Faces in Crowd/Katilin Yüzü - Atakan Göktepe

27 Kasım 2011 Pazar

Faces in Crowd/Katilin Yüzü


Yapım: 2011 - ABD
Tür: Dram, Gerilim, Korku, Psikolojik
Süre: 102 dakika
Yönetmen: Julien Magnat
Oyuncular: Milla Jovovich, Sarah Wayne Callies, Julian McMahon, Michael Shanks, Sandrine Holt, Marianne Faithfull(...)
Senaryo: Kelly Smith, Julien Magnat,
IMDb Puanı: 5.5
Benim Puanım: 7/10
Sonunda izlediğim Faces in Crowd hakkında yazabilirim. Öncelikle diğer basit Amerikan filmlerinden ayrılmasının sebebi senaryosu ve yönetmenin seçtiği yöntemler. Filmin sonunu klasik bir şekilde bağlamamış olmaları memnun etti beni.

Genel anlamda Milla Jovovich, Ölümcül Deney serisindeki kadar başarılı olmasa da sırf onun için izledim diyebilirim. Ama diğer oyuncular da gayet iyiydi. Hiçbir şey olmasa filmin bir temposu vardı. Belki yüksek beklentiyle izleyenlerin beklentilerini karşılayamaz ama beklentisi düşük olanlar için fazlasıyla iyi bir film.

Film huzurlu ve dingin bir sahneyle açılıyor. Bu beni memnun etti çünkü gereksiz açılış sahnelerini hiç haz etmem. Film gayet modern kültürle içiçe. Facebook, Farmville falan konuşuluyor ama reklam amaçlı değil yani tam da doğal bir diyalogtalarmış gibi yerli yerinde.

Kızların toplandığı geceler, diyaloglar çok doğaldı. Sarah Wayne Callies ve Sandrine Holt bu rollerde iyilerdi. Hem sadık hem pervasız halleri bu tarz karakterlerin gerçek hayattaki yansımalarına uygundu. Milla Jovovich yine güzelliğiyle aşık etse de dediğim gibi Ölümcül Deney filmlerindeki kadar iyi bir performans sergilemedi.

Klasik seri cinayet durumu var ama bu katilin ritüeli daha ilginç. Öldürüp tecavüz ediyor ve ardından ağlıyor. Anna Marchant (Milla Jovovich ♥) katili iş başındayken görüyor. Katili görünce nutku tutuluyor ve izlemeye devam ediyor. Tam bu esnada telefonu çalıyor. Katil bunu kovalıyor ve avuç içine usturayla bir çizik atıyor. Bu doğrulup kaçıyor ve denize düşüyor. Düşmeden kafasına son derece sert bir şekilde çarpıyor.

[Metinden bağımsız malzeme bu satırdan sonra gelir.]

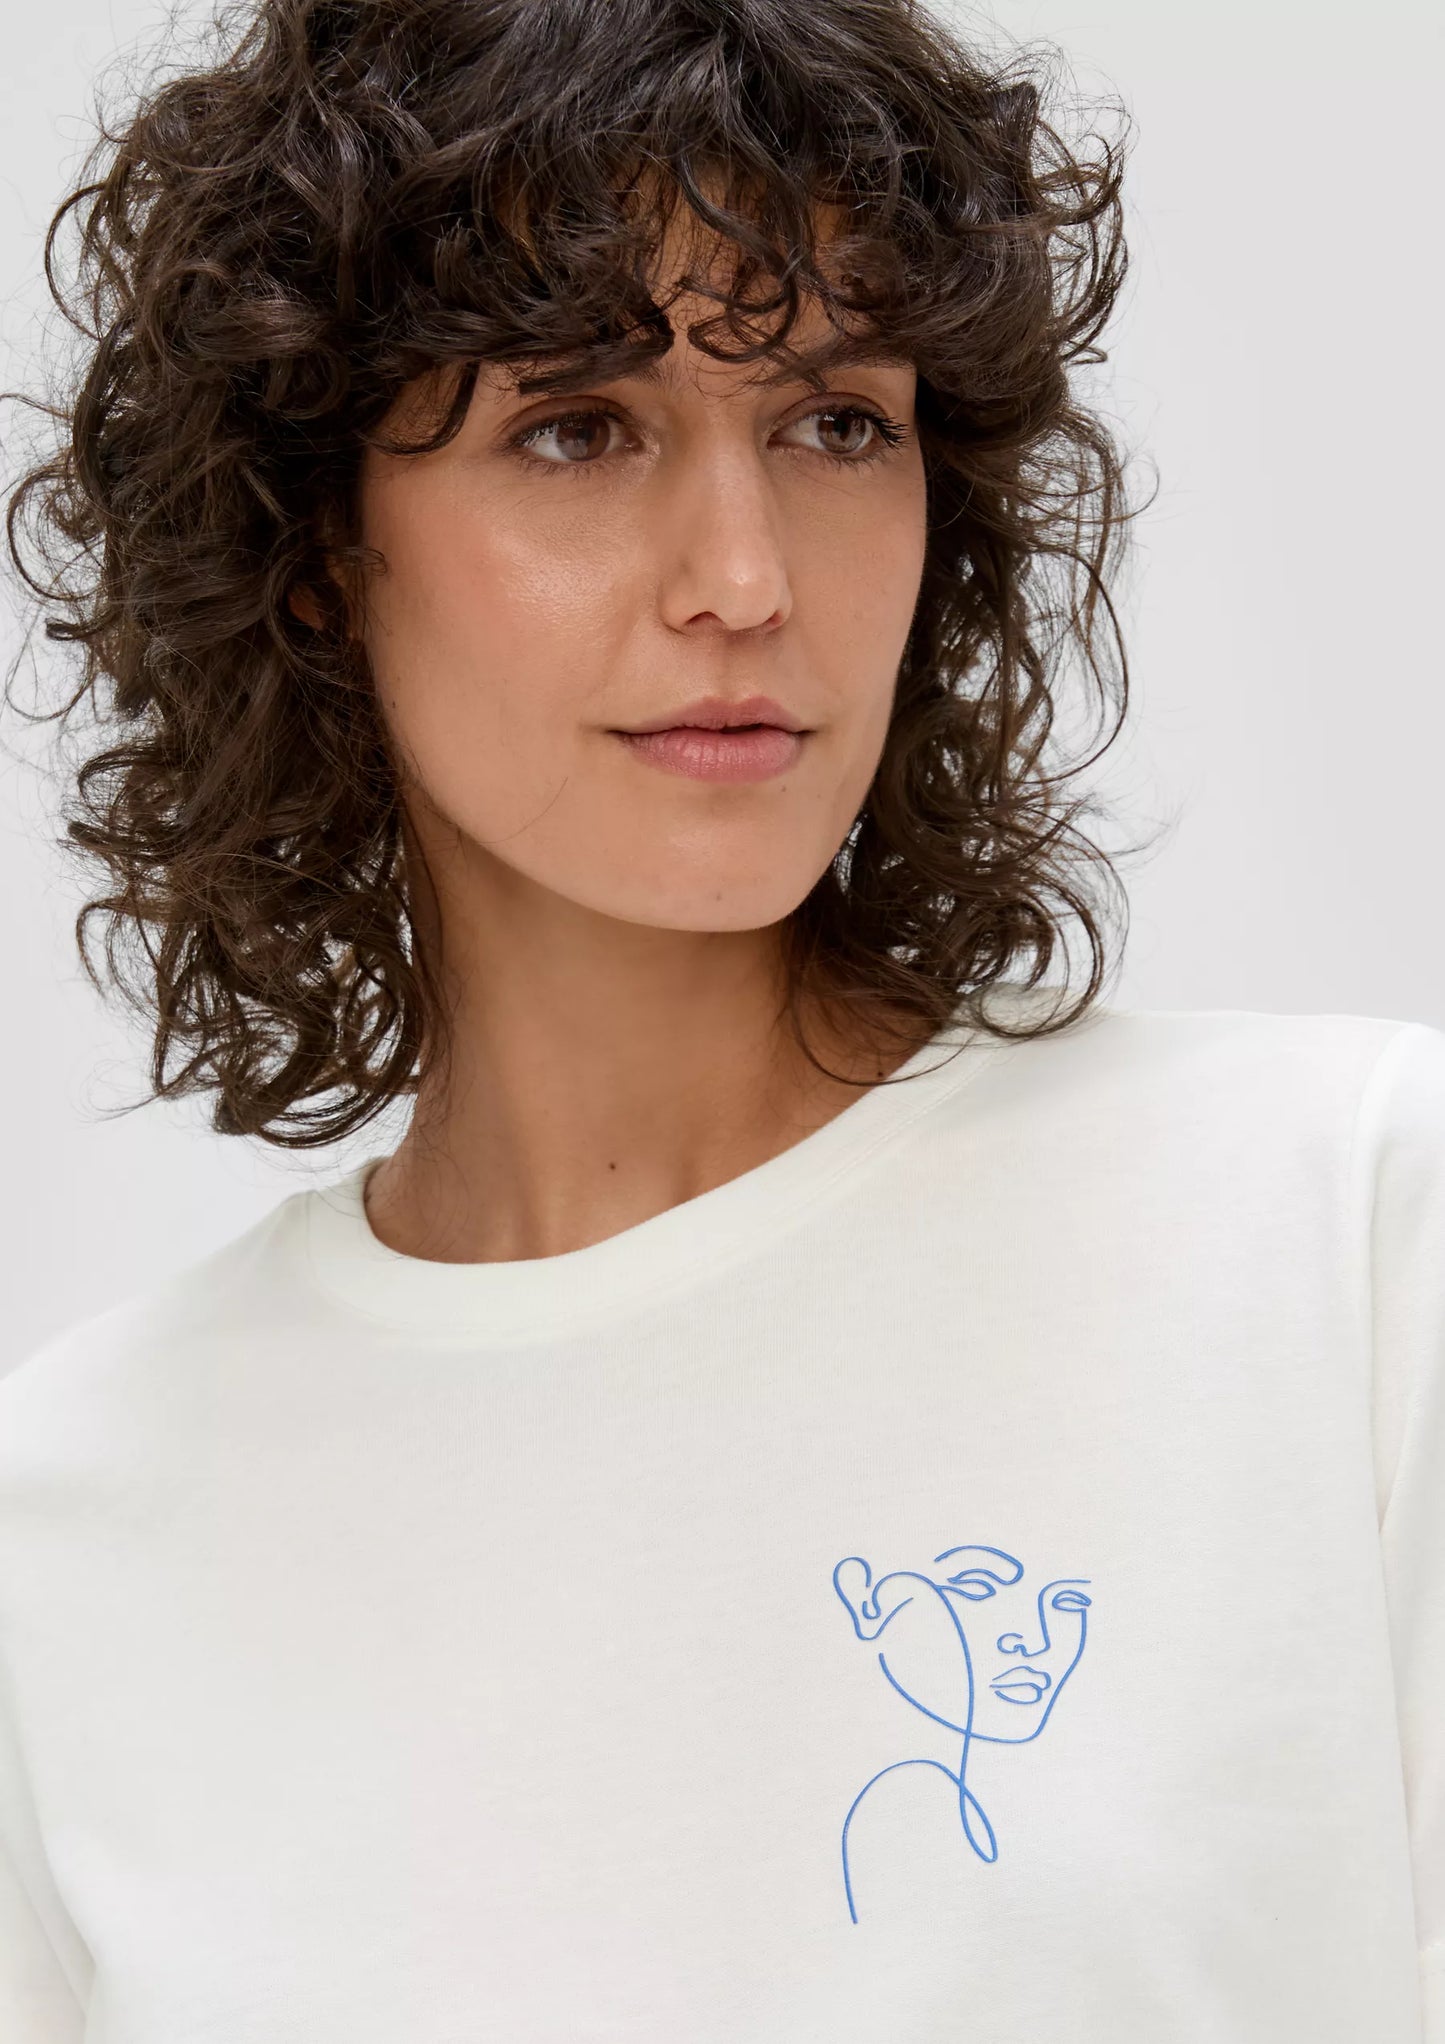 S.Oliver T-Shirt-White with striking design

Kurtarılıyor kurtarılmasına ama bu sefer de korkunç bir hastalığa yakalanmış olduğunu keşfediyor. Kafasını vurunca prosopagnosia hastalığına tutulmuş. Bu yüz körlüğü olarak da biliniyormuş. Tanıdığı yüzler bile sürekli değişiyor ve onları tanıyamaz oluyor. Hatta bazen aynadaki kendi yansıması bile değişiyor. Hiçbiri yüzü tanıyamıyor. Katilin yüzü dahil.

Katili gören ve hayatta kalan iki kişiden biri o. Diğeri ise ilk kurbanın oğlu. Ona polisler göz kulak oluyor. Çocuk hiç konuşamıyor. Anna ise yüzleri hatırlayamıyor.

Güzel mesajlar veren ve günlük hayatla bağdaşlaştırabileceğimiz örnekler bulunan sahneleri var. "Her gün binlerce yüz görüyoruz ama aslında kaçını tam olarak tanıyoruz?" gibi sorulardan bahsediyor.

Finali de fevkalade efendim. Bilindik mutlu bir sonu iç burkucu bir sona tercih etmişler. Soluk soluğa giden bir final ritmini zirvede bırakıyor. Boş vaktinizde izleyebileceğiniz, günümüz tabiriyle "vakit kaybı" demeyeceğiniz bir film.

Üçlü çok sevimli. Amerikadaki birkaç tipi çok güzel yansıtmışlar.


Anna Merchant bir anaokulu öğretmeni ama yüzleri tanıyamama hastalığı yüzünden sınıfına hakim olamıyor ve işini kaybediyor.